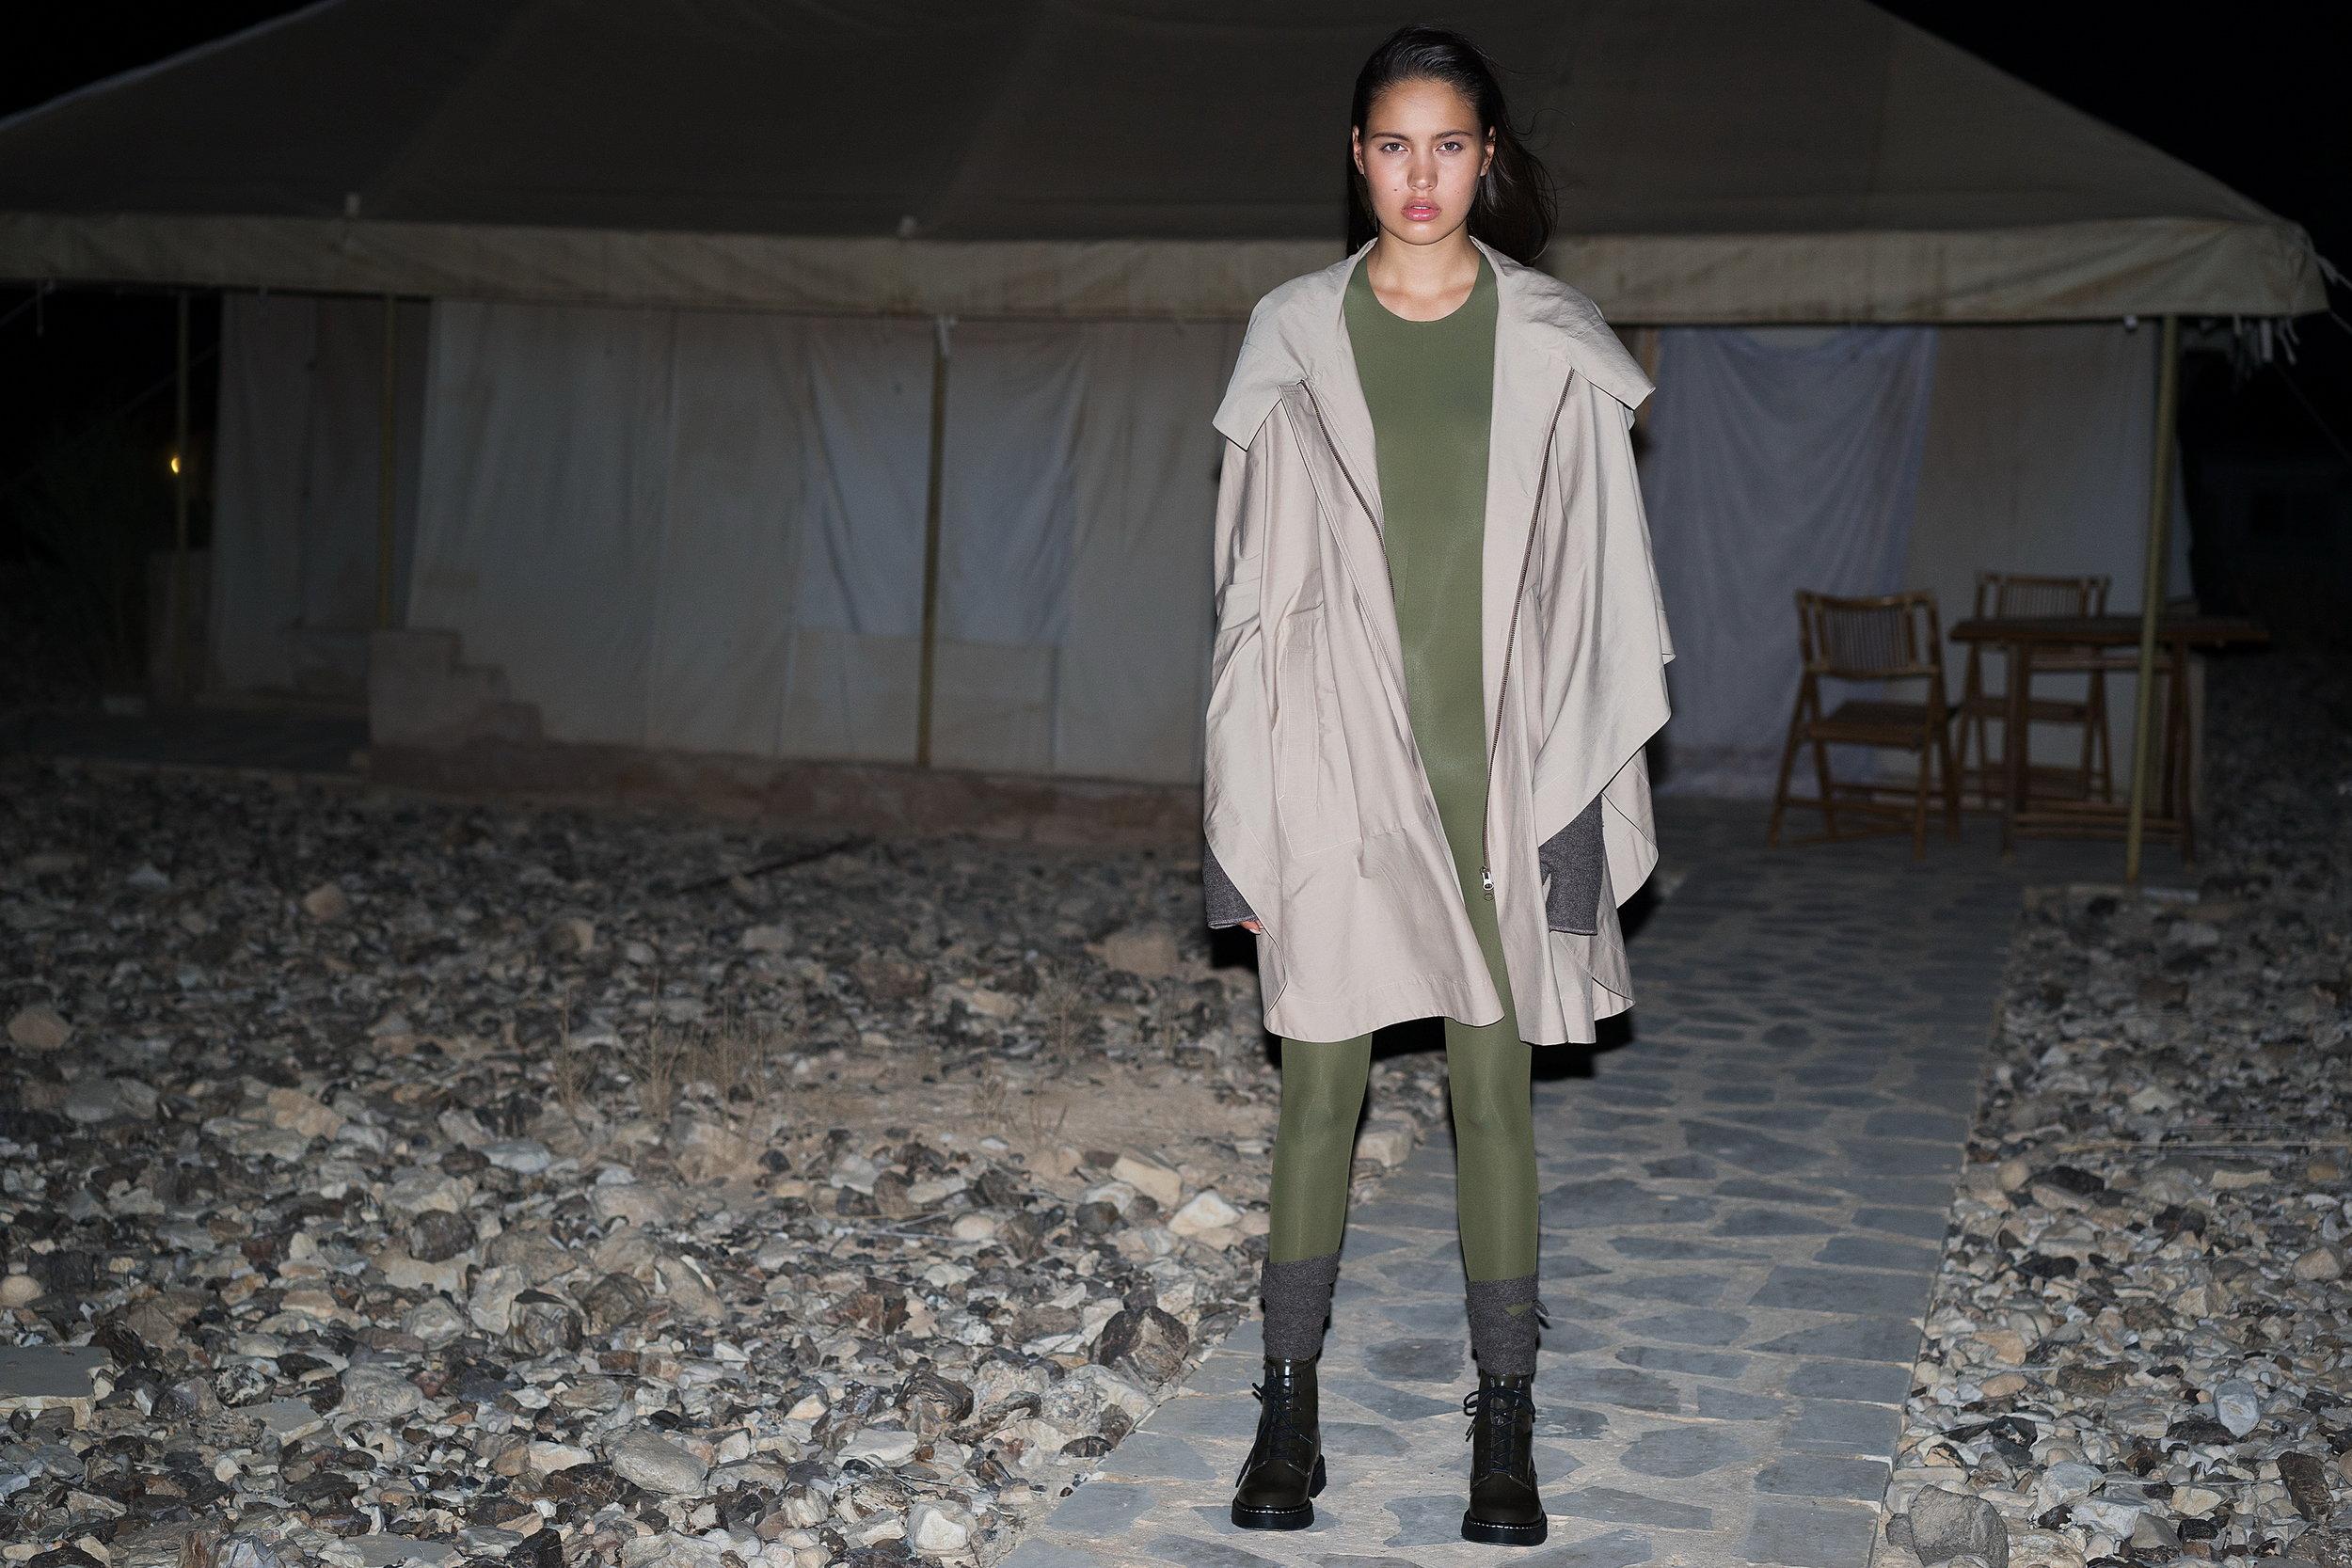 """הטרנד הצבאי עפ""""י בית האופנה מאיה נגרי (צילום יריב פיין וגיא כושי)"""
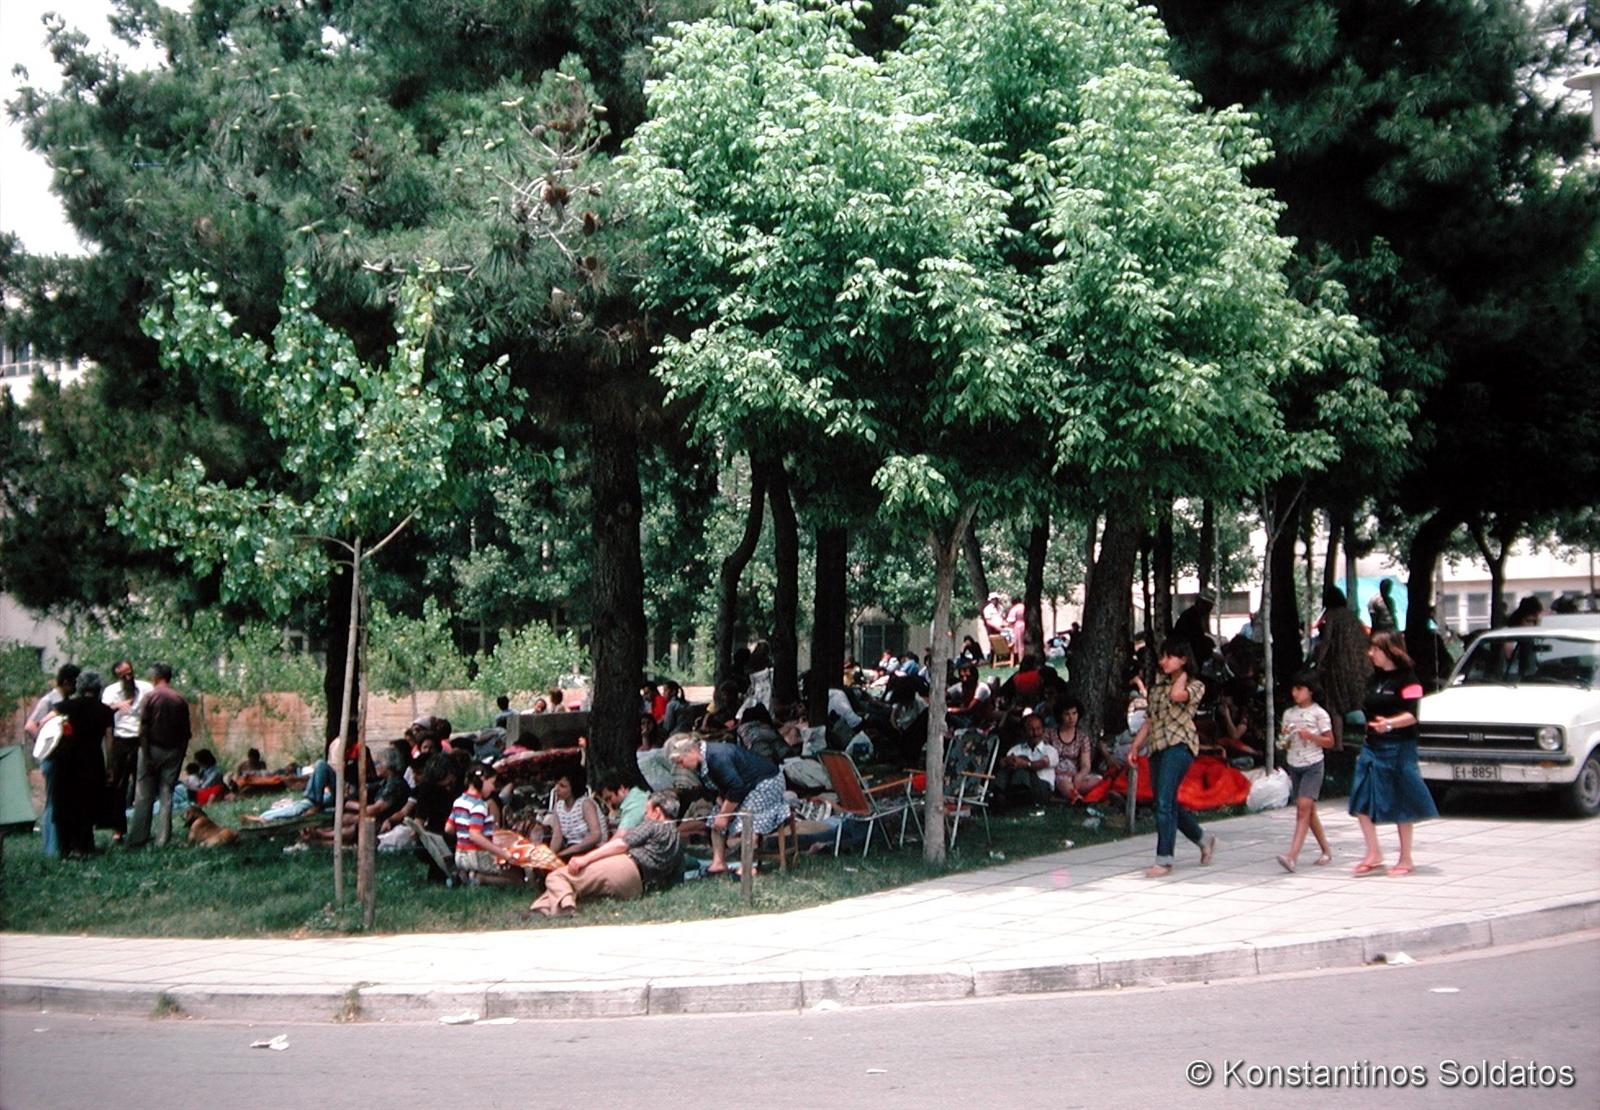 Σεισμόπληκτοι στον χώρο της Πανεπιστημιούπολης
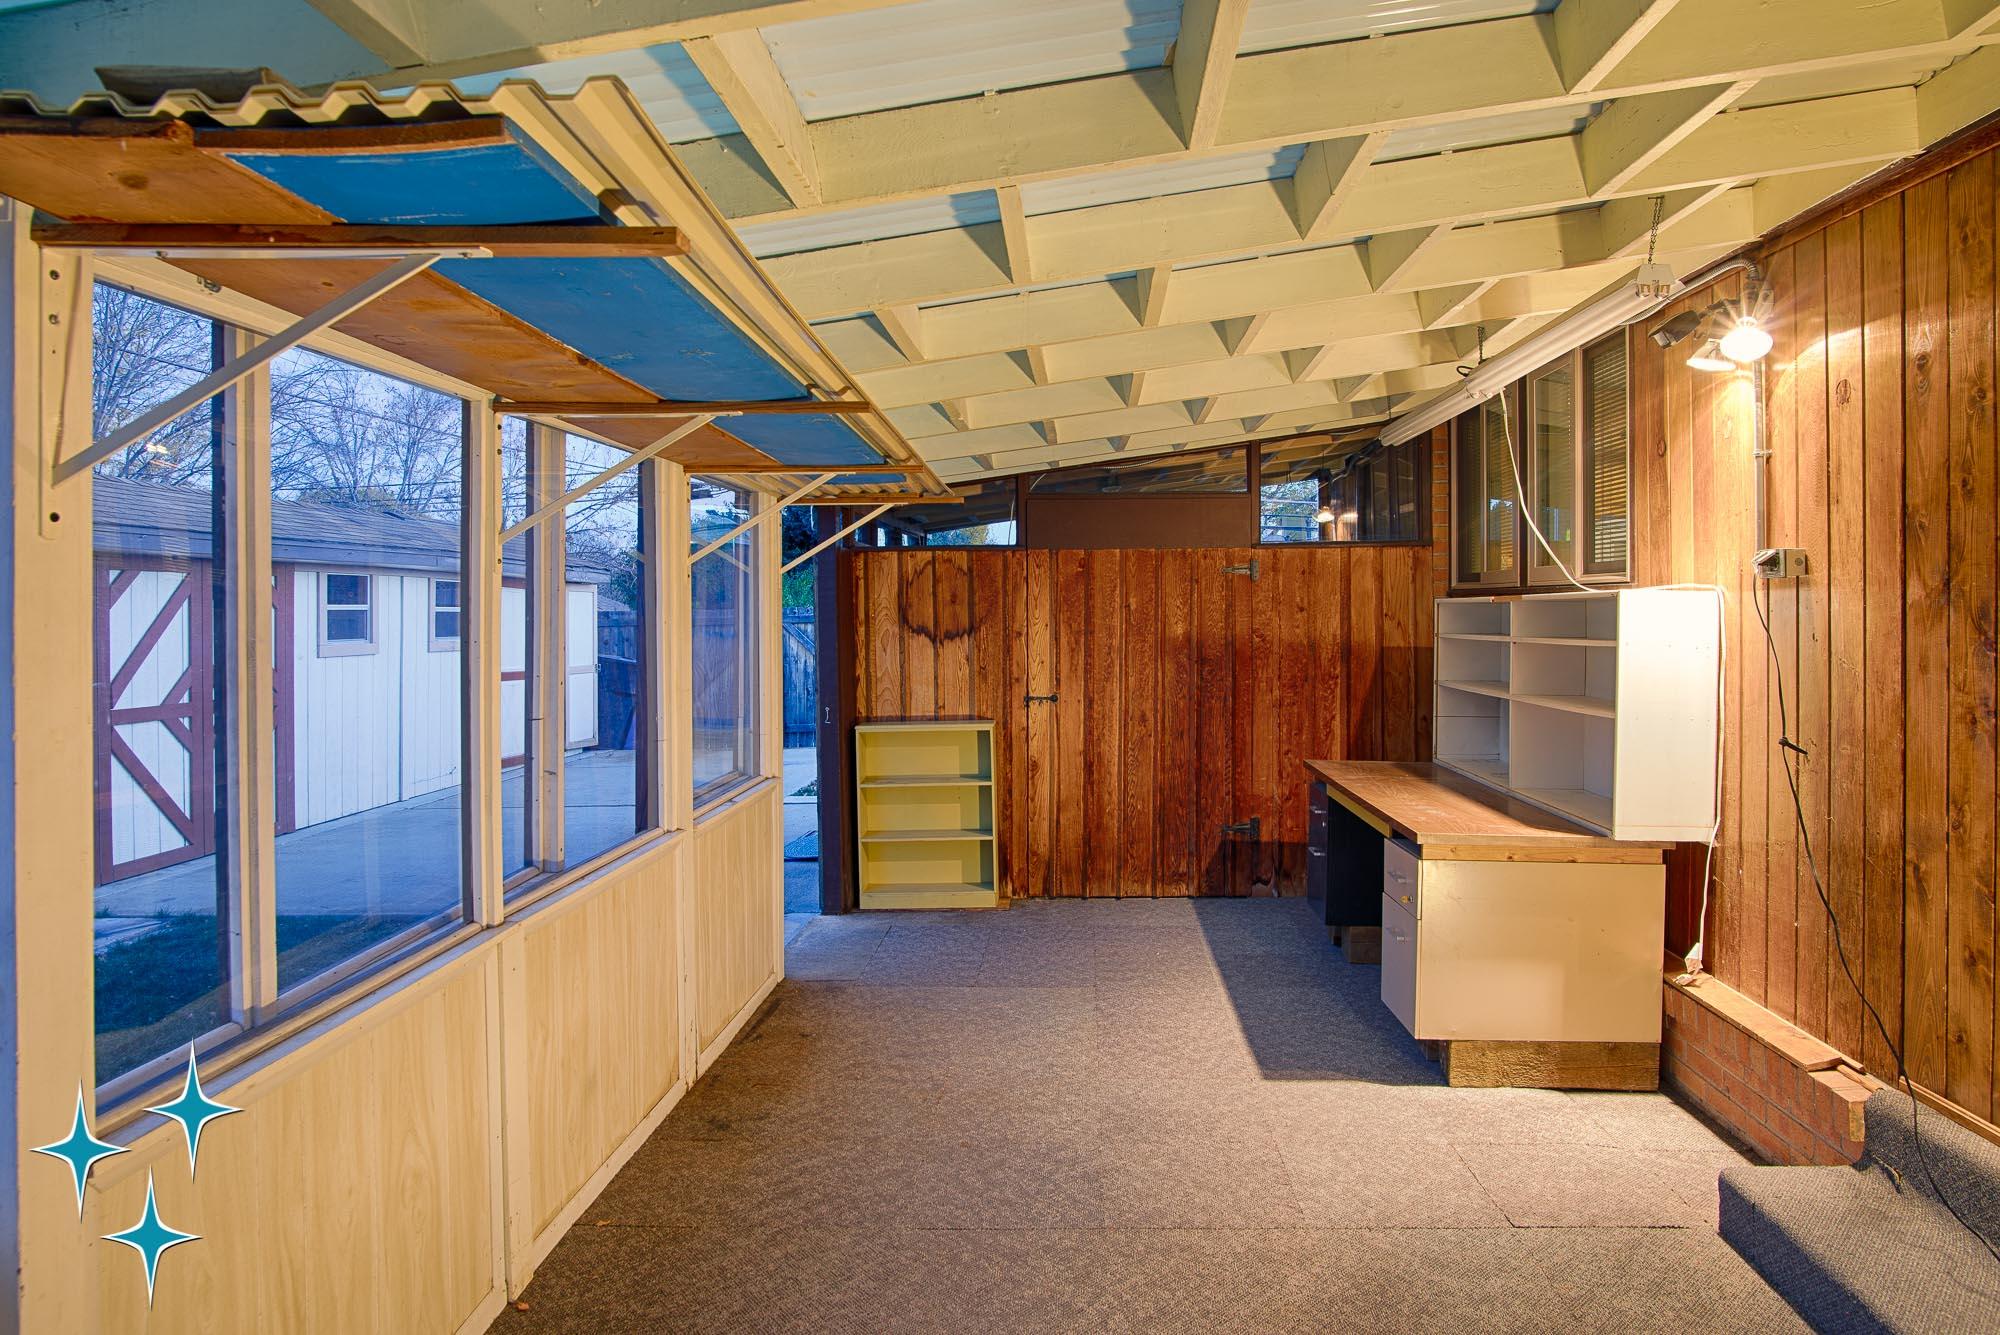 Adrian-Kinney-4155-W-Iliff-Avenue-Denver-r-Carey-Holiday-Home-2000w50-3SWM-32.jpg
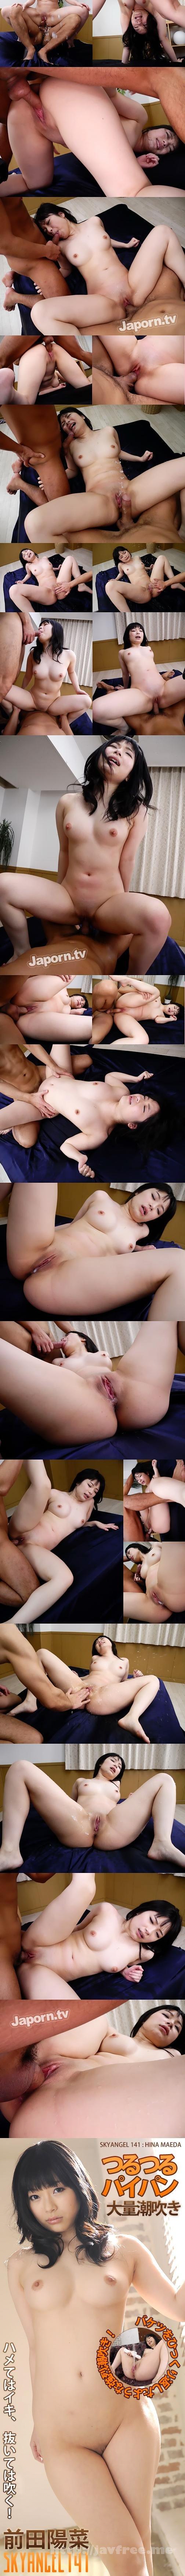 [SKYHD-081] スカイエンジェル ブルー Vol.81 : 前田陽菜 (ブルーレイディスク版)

Work task> Restate the material above word for word, so that nothing changes except that the pictures are gone.

Finished task>
 """הטרנד הצבאי עפ""""י בית האופנה מאיה נגרי (צילום יריב פיין וגיא כושי)"""
 Σεισμόπληκτοι στον χώρο της Πανεπιστημιούπολης
 Adrian-Kinney-4155-W-Iliff-Avenue-Denver-r-Carey-Holiday-Home-2000w50-3SWM-32.jpg
 [SKYHD-081] スカイエンジェル ブルー Vol.81 : 前田陽菜 (ブルーレイディスク版)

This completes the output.